Back upstairs she could sense the dismay in her father’s face; avoiding his eyes, she busied herself about the room fetching pyjamas from the chest of drawers, and his razor and toothbrush and a fresh towel, relieved when she finally heard the trundling ambulance pull into the farmyard below.

It had taken an age to get her father from the bed and down the stairs on a stretcher, she trying to keep out of the way as the ambulance men manoeuvred the reluctant patient out to their van. She clambered in beside him, and rode the long stretches of potholed and bumpy country roads, her father, a scared, old man, holding her hand all the way.

* * *

Inside the old red-bricked hospital building, calm red-faced girls took over the care of her father, making her sit down and have a cup of tea in the corridor. She watched as they bustled up and down, their crisp starched uniforms rustling as they passed, shiny hair pinned tightly under their nurse’s veils. They’d pulled the green curtains around the cubicle where her father lay and a young pimply-faced doctor was attending to him.

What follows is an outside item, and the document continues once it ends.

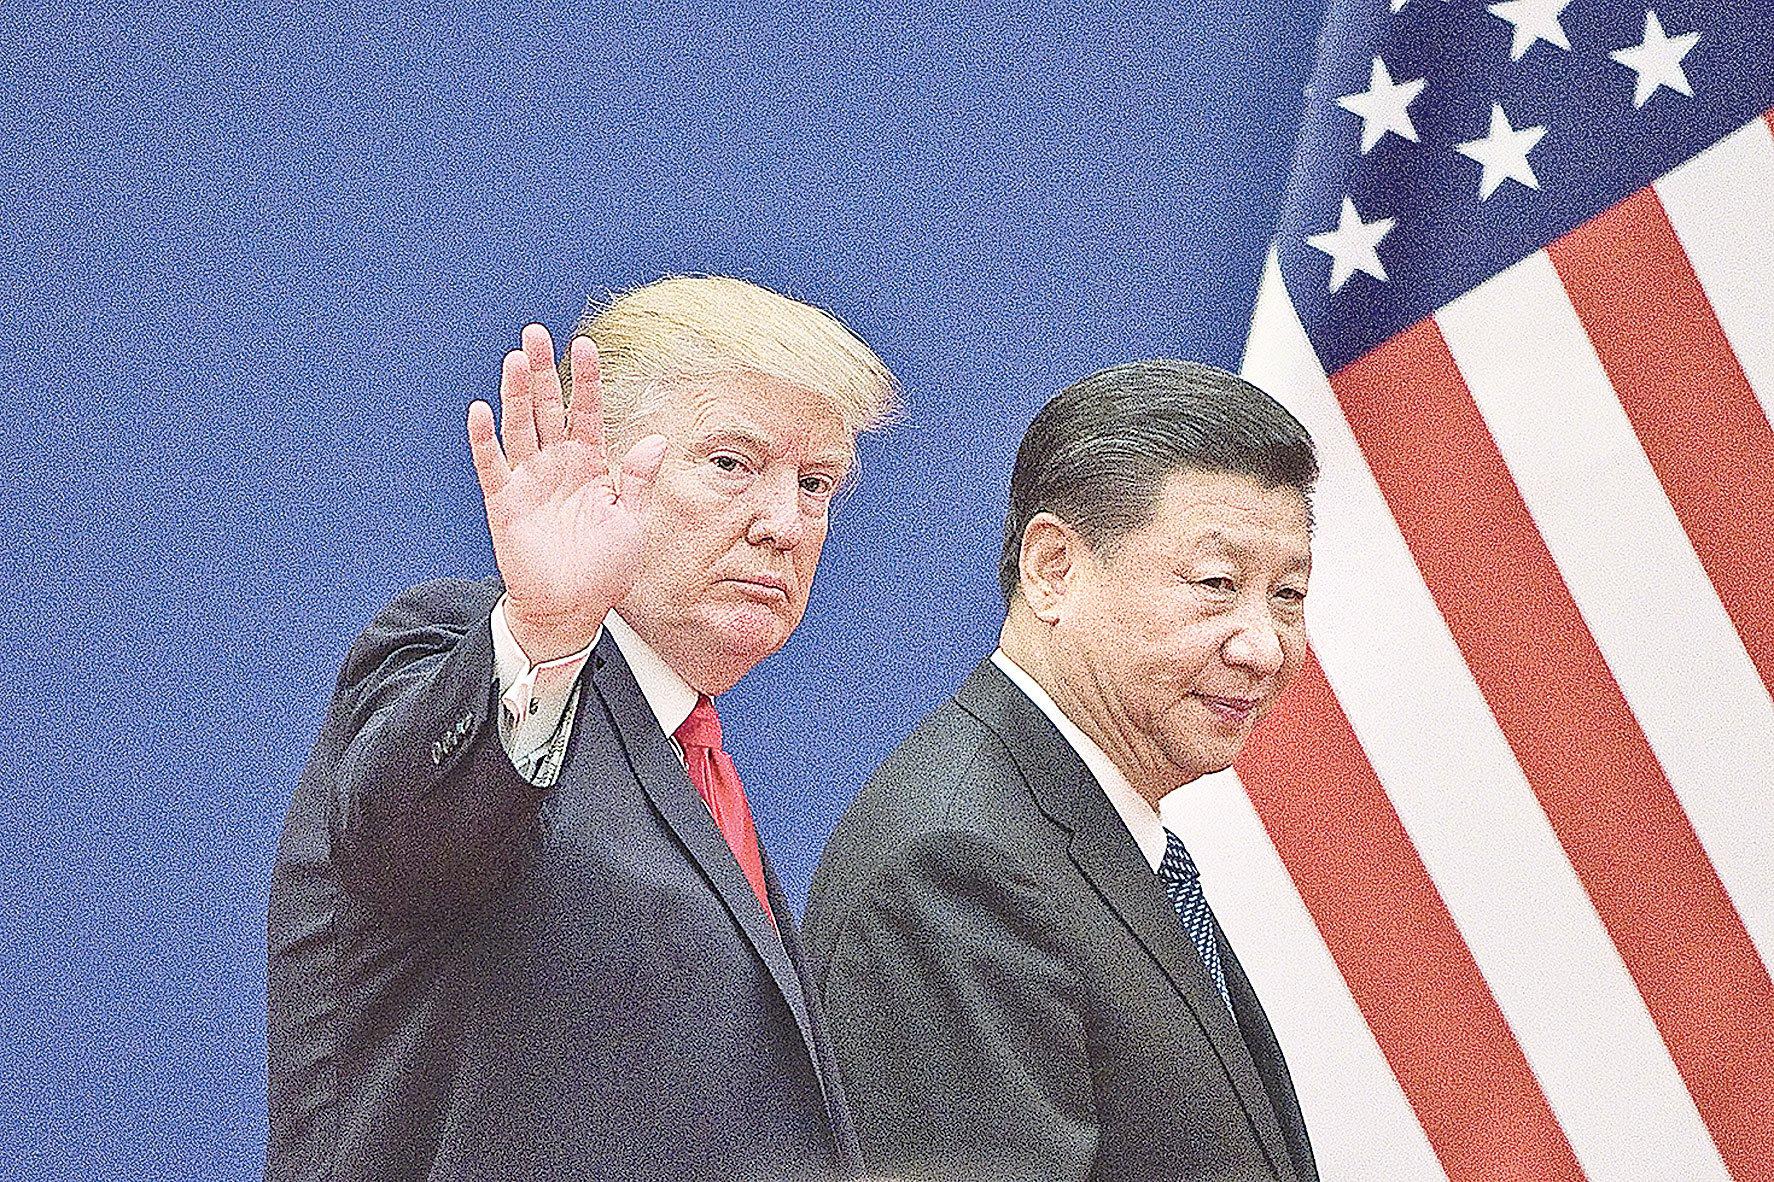 圖為2017年11月9日,特朗普在北京會見習近平。(Getty Images)

Ella hated St Joseph’s with its green half-tiled walls, cream-coloured paintwork and myriad of overhead pipes, its pinkish marbled floors and that strange hospital stench that filled your nose the minute you stepped into the place. Her mother had died in this hospital. The doctors and nurses had been unable to stop the spread of septicaemia from her burst appendix.

‘We’ll be admitting your father,’ the sister told her after more than an hour’s wait. She had followed them up in the clanking iron lift to the male ward of St Paul’s, which was a long narrow room that contained about eighteen beds. The patients ranged in age from the elderly wizened figures propped in worn armchairs to two young fellahs sitting on the edge of a bed, playing cards.

‘Visiting time is at seven o’clock,’ remarked the ward sister, dismissing her. ‘It’s best you leave it to us to admit your father and get him settled in. You may return later this evening.’

* * *

She’d kissed her father and tried to placate him, sensing his disorientation. ‘The nurses will look after you, Daddy. I’ll be back after tea, once I’ve fed the animals and checked the place. Honest, I will!’

He tried to nod and she wondered if he understood at all what she was saying. She hugged him clumsily, feeling guilty at leaving him in that place that she knew he detested.

‘It’ll be fine, Daddy!’ she promised, trying in all honesty to reassure herself as much as him. Relieved, she left the place and went back home.

Chapter Two

THE OLD FARMHOUSE
was lonesome without him, and Ella wondered if she’d ever get used to not having her father about the place. The two of them had been constant companions for more than ten years, keeping house together, sharing the workload and minding each other, sitting up at night discussing the next day’s work and planning for the weeks and months and years ahead.